- GBP/USD has been falling after the Fed's refusal to add stimulus.
- The BOE may join in with a worried message and fully reverse the Brexit-related rally.
- Thursday's four-hour chart is painting a mixed picture.
The Brexit bonanza has proved short-lived – Pound bulls prematurely celebrated Prime Minister Boris Johnson's climbdown before the Federal Reserve sent the safe-haven dollar higher. Now it is the Bank of England's turn to move cable – and potentially tilt it lower.
Unpacking cable's moves
PM Johnson agreed to compromise with the "rebels" in his Conservative Party by agreeing to more robust parliament oversight over the Internal Markets bill. This legislation – which is set to receive the House of Commons' approval next week – knowingly violated the Brexit accord with the EU.
Will Brussels accept the modified version of the bill? The block previously laid down an ultimatum to the UK – rescind the legislation by the end of the month or face sanctions.
The pound advanced in response to Johnson's climbdown but was unable to hold above 1.30 after the Fed conveyed a worrying message. While the world's most powerful central bank raised 2020 growth forecasts, it downgraded the one for 2021. More importantly, Federal Reserve Chairman Jerome Powell said the current level of bond-buying is appropriate, disappointing investors.
He also indicated fiscal stimulus would be useful. That may come earlier than expected following weak retail sales. Weekly jobless claims figures are eyed later in the day.

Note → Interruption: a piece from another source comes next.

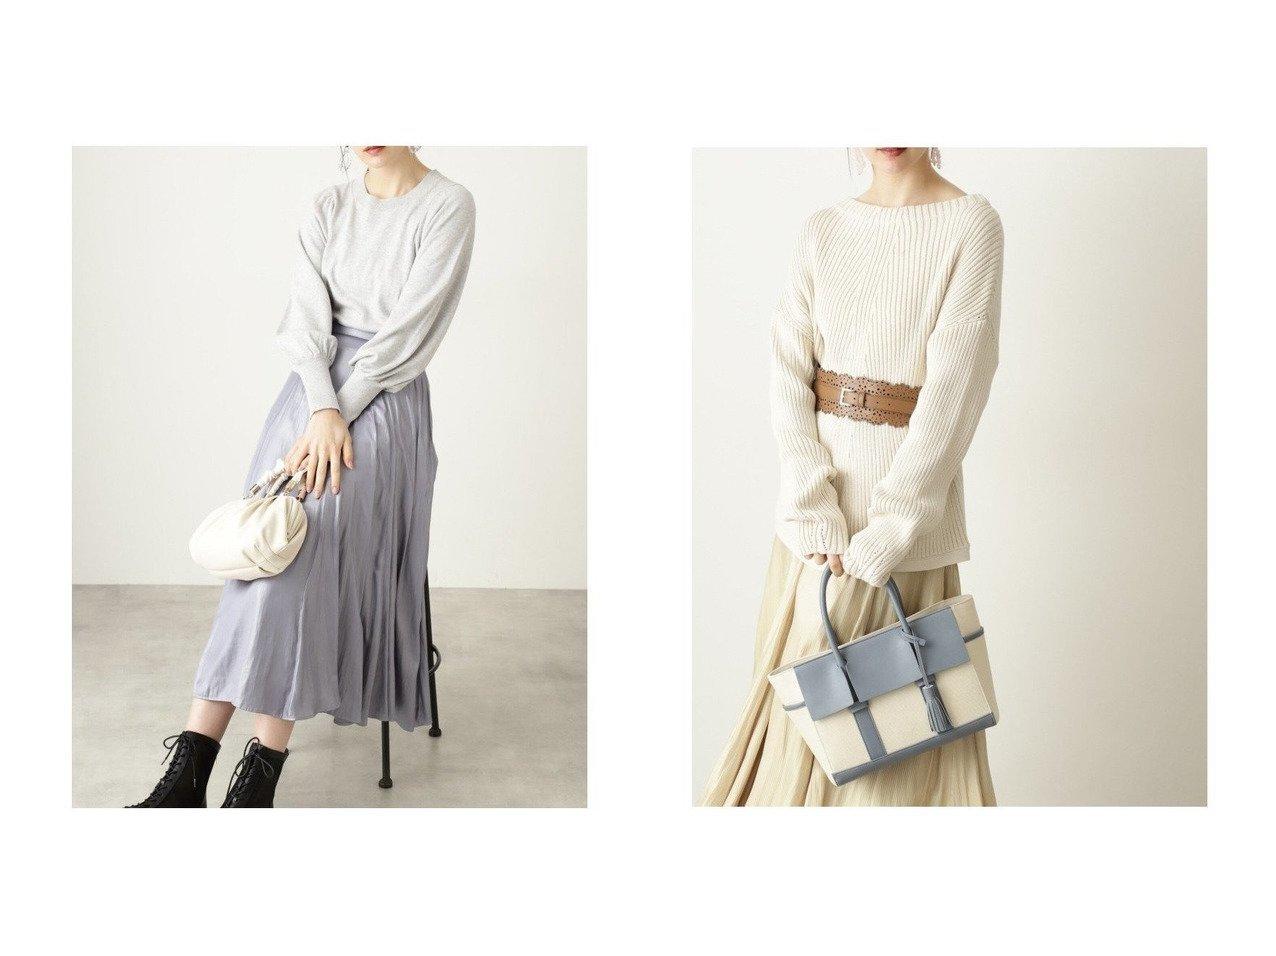 【JILLSTUART/ジルスチュアート】のイザベルスカート&マルセラニット JILLSTUARTのおすすめ!人気、トレンド・レディースファッションの通販  おすすめで人気の流行・トレンド、ファッションの通販商品 メンズファッション・キッズファッション・インテリア・家具・レディースファッション・服の通販 founy(ファニー) https://founy.com/ ファッション Fashion レディースファッション WOMEN スカート Skirt トップス Tops Tshirt ニット Knit Tops NEW・新作・新着・新入荷 New Arrivals サテン スニーカー シンプル スタンダード 再入荷 Restock/Back in Stock/Re Arrival |ID:crp329100000017810

Investors had already priced in low borrowing costs for several years and yearned for more cash injections from the bank. Stocks – already off their highs – extended their falls and the safe-haven dollar saw fresh demand.
- Fed Quick: No news is good news for the dollar, at least until Congress moves
- The Fed in September: Quicksand at the zero bound
BOE – seeing the glass half empty?
The Fed's peers on the other side of the pond have their say now. Andrew Bailey, Governor of the Bank of England, is projected to leave the interest rate unchanged at 0.1% and the Quantitative Easing program at £745 billion.
Markets will be watching the bank's fresh assessment of the economy moving forward. On the one hand, the recovery beat estimates and unemployment remains low at 4.1% in July. On the other hand, uncertainty about Brexit, the furlough scheme, and the virus – as Northeastern England is hit by new restrictions – may weigh on the outlook.
Pessimism from the BOE may break the tie between Brexit optimism and Fed pessimism, potentially sending the pound down.
GBP/USD Technical Analysis
Pound/dollar is benefiting from upside momentum on the four-hour chart but is struggling to recapture the 50 Simple Moving Average. The Relative Strength Index is stable, indicating a lack of conviction.
Support awaits at 1.29, the daily low, followed by 1.2865, a swing high last week. Next, 1.2820 and 1.2765 are eyed.
Resistance is at 1.2980, a support line from last week, followed by Wednesday's peak of 1.3010. The next lines to watch are 1.3040 and 1.3110.